Hacker News new | ask | show | jobs
by stackskipton 337 days ago
As SRE/DevOps/Ops whatever, I'm screaming.

Metrics should be emitted in separate stream and never by logs outside corner cases. Logs should be used to determine WHY the system is having issues but never IS the system having issues.

Log alerting is a fools errand that looks like a great idea at start but quickly becomes a sand trap that will drive future people crazy and at scale, will overwhelm systems.

Why is log alerting bad idea?

Every log becomes a metric point that must be dealt with. Therefore, the logging system must be kept operational and error free. However, due to other problems below, this system quickly becomes a beast of it's own.

Logs are generally much bigger then KV of <Metric> <Value> so there ends up being a ton of filtering going on in logging system, adding to the load.

Logging system probably does not understand rates so you end up writing gnarly queries to be like "Is this first unhandled exception?" in 10m or my 50th in 10m. Query in Prometheus is much much simpler.

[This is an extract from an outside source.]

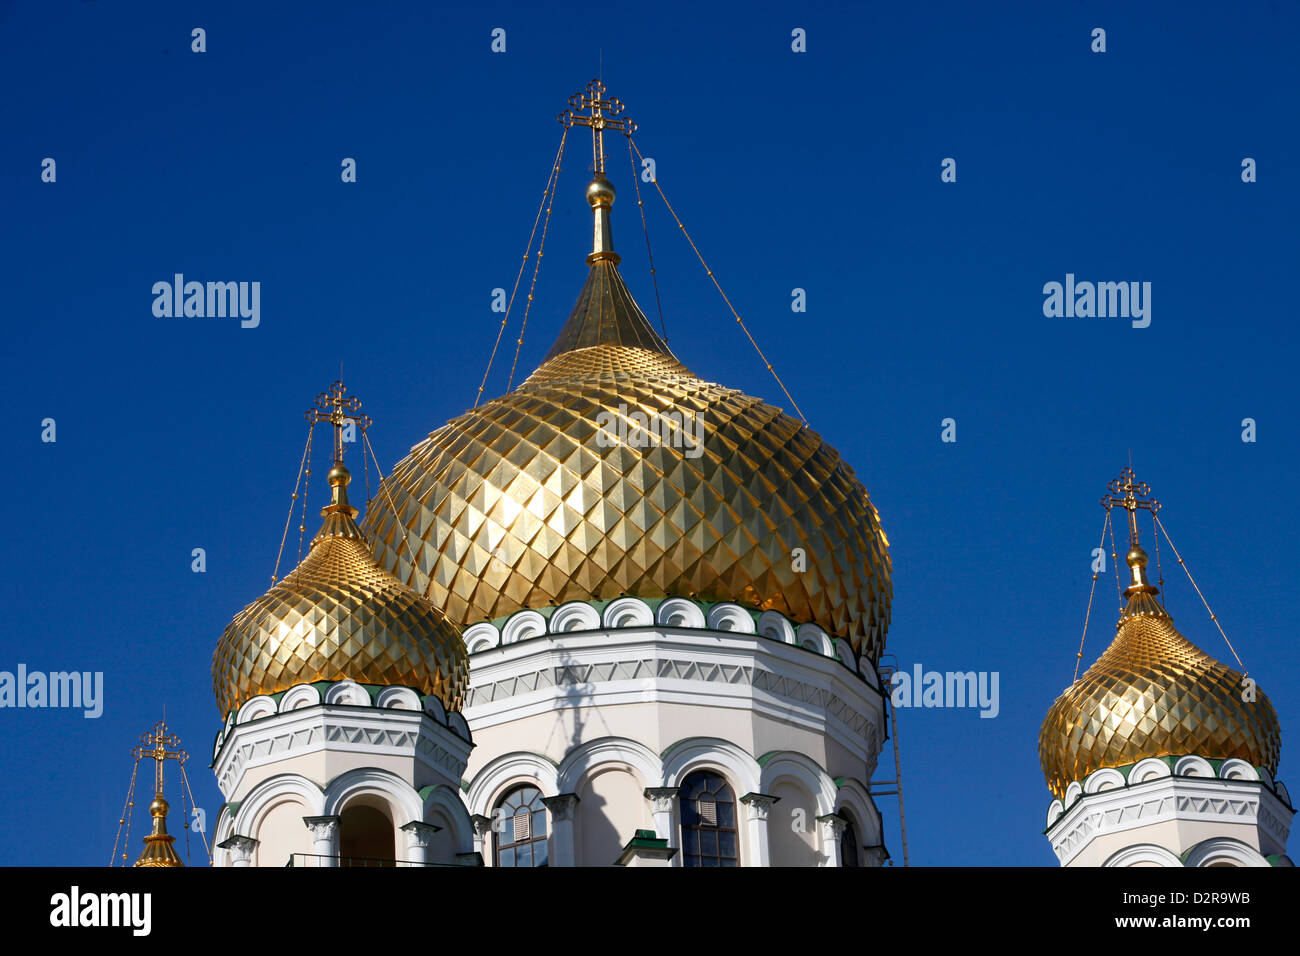 Eglise orthodoxe russe, Saint-Pétersbourg, Russie, Europe Banque D'Images

Each language logging library handles things in different way so organization must be on point to either A) Keep log format the same between all different languages. B) Teach the logging system how to manipulate each log into format that can be handled by alerting system. Obviously A causes massive developer friction and B causes massive Ops friction.

Finally, I find people doing logging tend not handle exceptions as well because they can just trust logging system to alert them on specific problem and deal with it manually.

So for future Ops person who has to deal with your code, I'm begging you, import prometheus_client.

1 comments

I've noticed that for some reason developers really like using logs in place of actual metrics. We use Datadog, and multiple times now I have seen devs add additional logging to an application just so they can then create a monitor that counts those log events. I think it's a path of least resistance thing; emitting logs is very easy, and counting them is also very easy. Reporting actual metrics isn't really difficult either, but unless you're already familiar with the system it's more effort to determine how to do it than just emitting a log line, so yeah.
Because when the application is breaking it's good to know why! Logs can be just as ephemeral as metrics -- in many cases, even more so. They're not even mutually exclusive.

Where exactly does this anti-logs sentiment come from? Is it because tools like datadog can be lackluster for reading logs across bunches of hosts?

For me, I don't use Datadog so it's not that $ParticularTool does not work with logs, it's all stuff I put in my original post, it's a ton of samples, filtering puts heavy strain on the systems and it's extremely brittle IME.

If you have good metrics, you can generally get much further not even logging aggregating outside tossing everything into STDOUT and checking on it when you have alerts.

It GP is not anti-log.

It's claiming that you should output working logs, metrics, and failure logs into different streams.

My experience is that metrics may tell you something is wrong, but logs are required to tell you what went wrong and why.

A simple fixed-length rolling buffer can get you pretty far for logging, but it isn't something you necessarily want to get off-device except when something bad has happened.

logs are for people and trying to make them for computers is hard.
Well, if you have low enough volume, you have to implement logs anyway and don't have a reason to optimize their volume.

I imagine many people learn on an environment like this and get thrown in a high volume one without chance to adapt.